Assignment.
Where an image appears in the data, omit it and reproduce the rest exactly.

Data below.
....
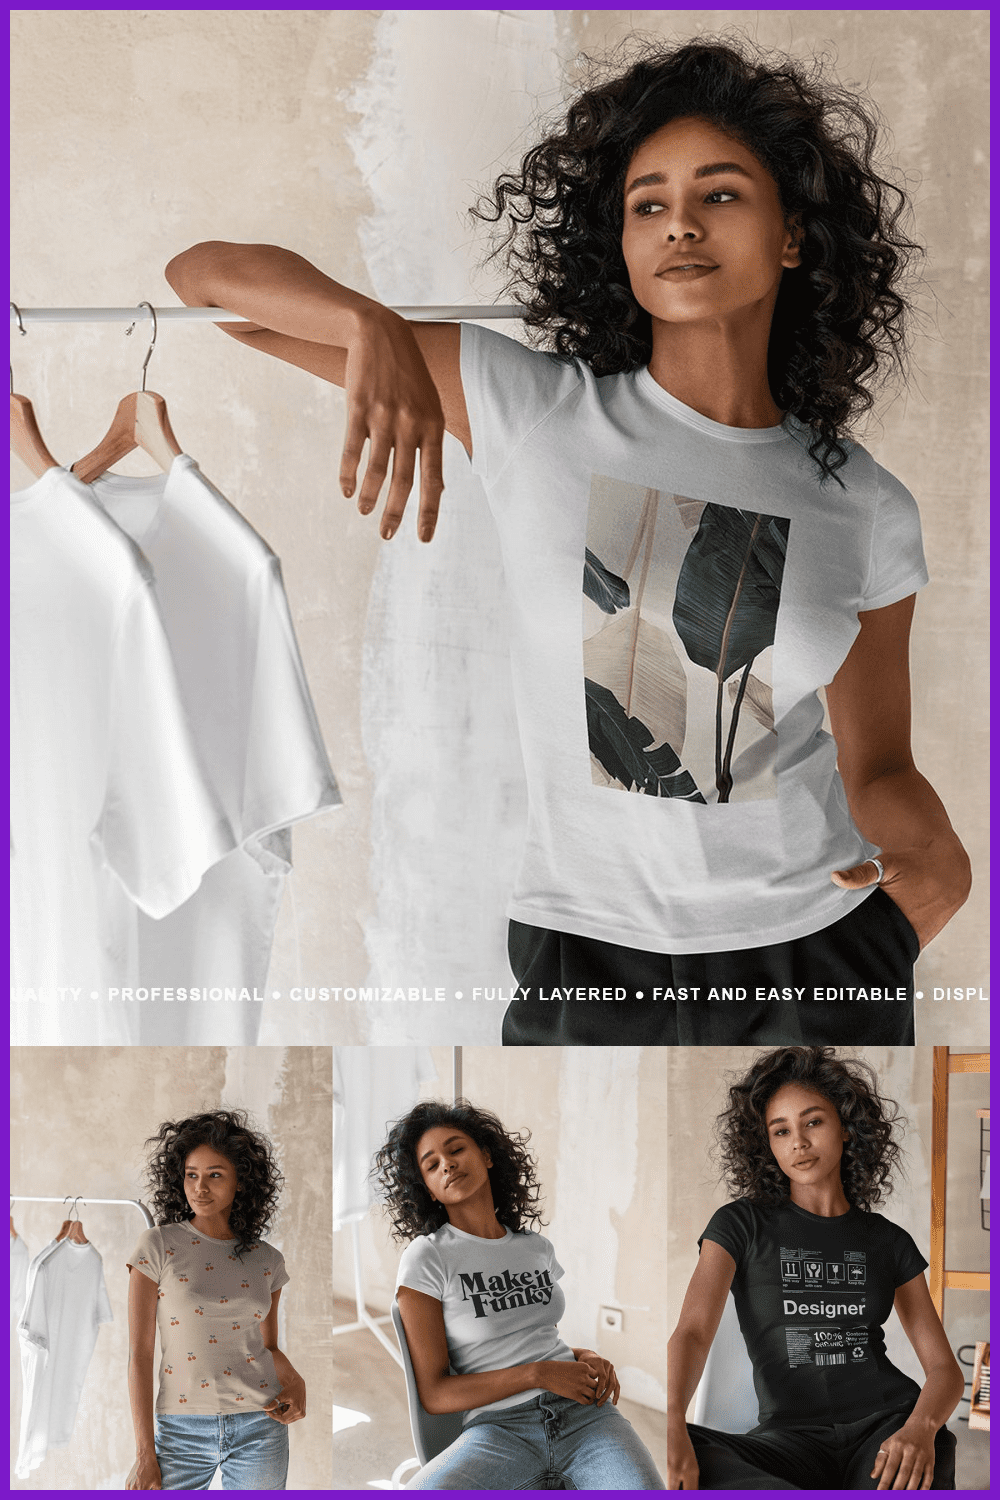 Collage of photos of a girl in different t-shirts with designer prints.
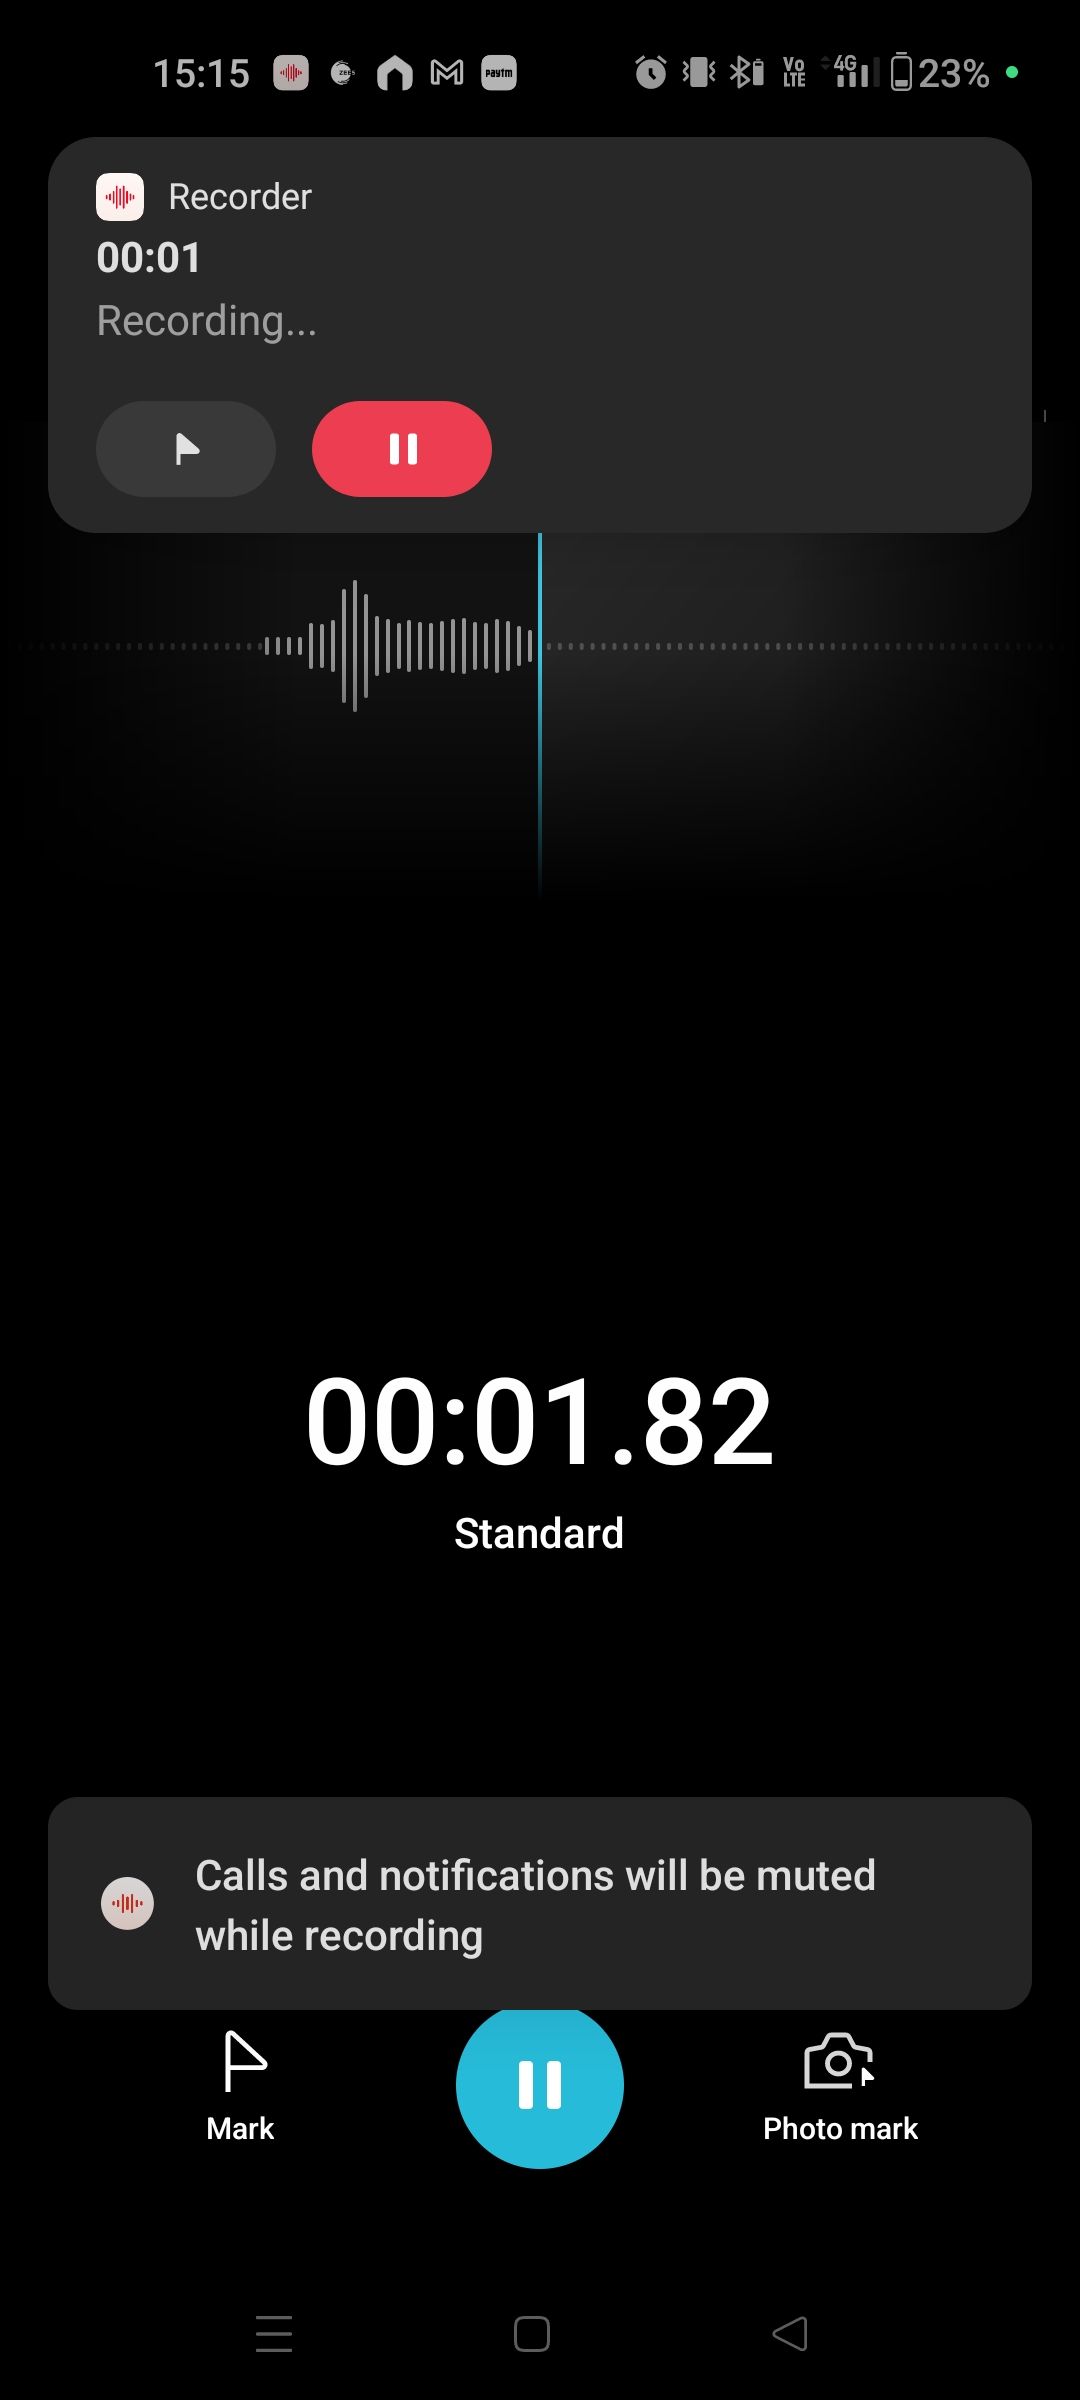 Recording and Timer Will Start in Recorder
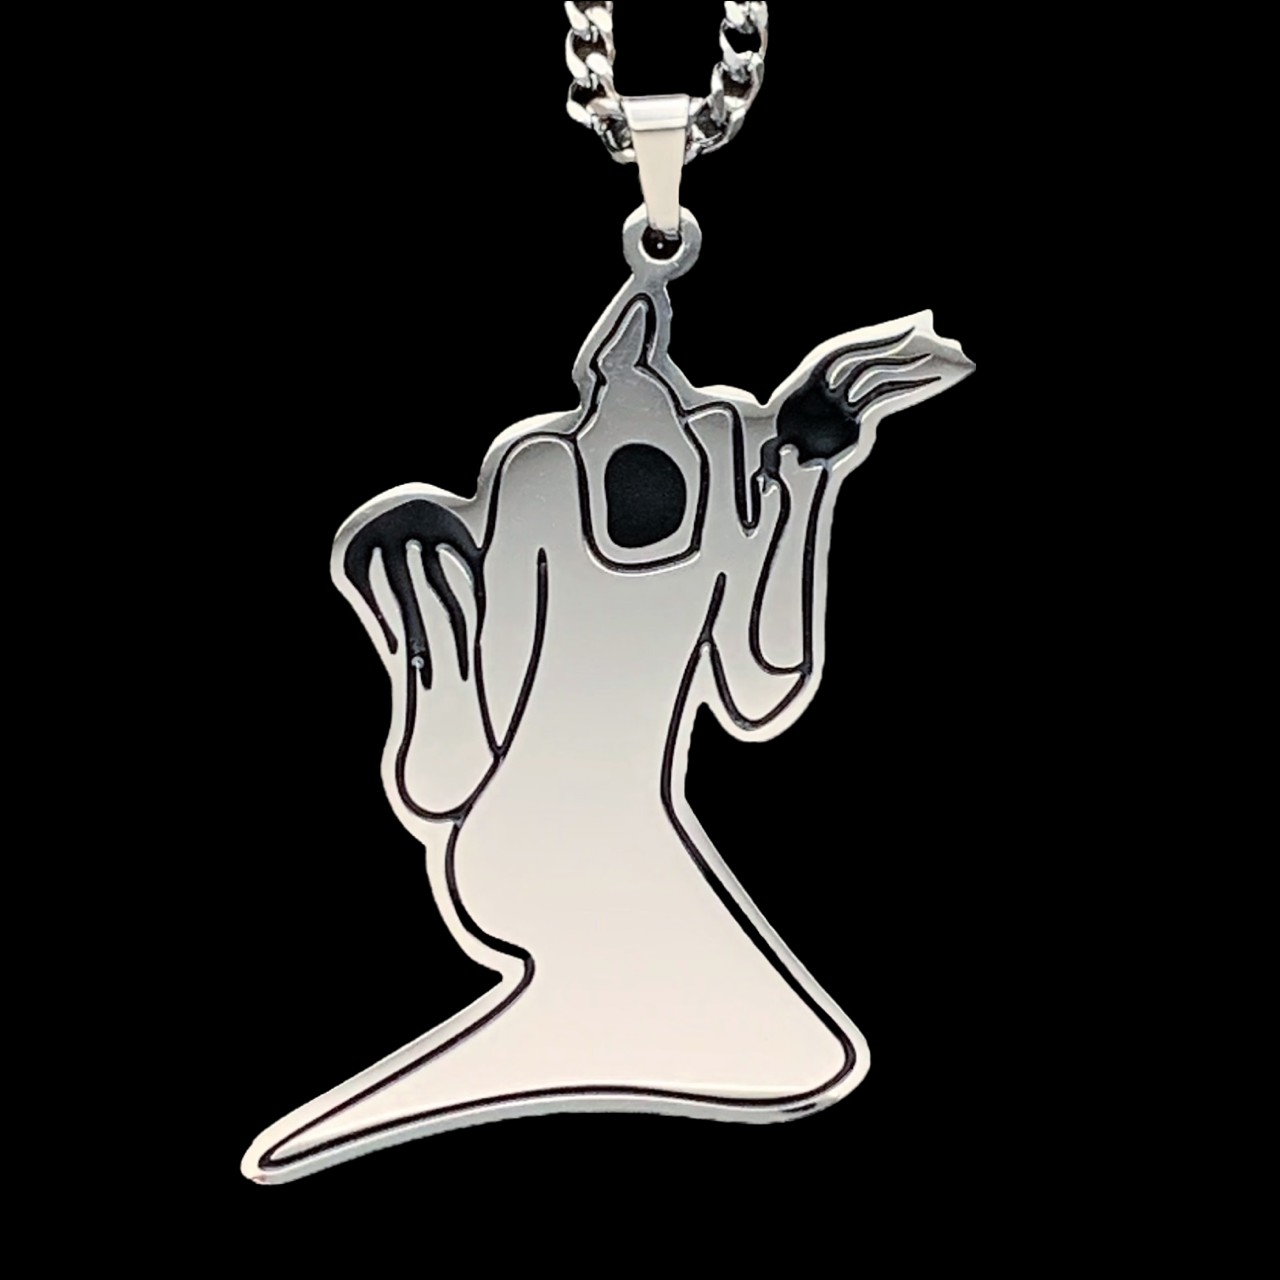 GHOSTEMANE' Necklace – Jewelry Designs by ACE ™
....
Task output.
 Collage of photos of a girl in different t-shirts with designer prints.
 Recording and Timer Will Start in Recorder
 GHOSTEMANE' Necklace – Jewelry Designs by ACE ™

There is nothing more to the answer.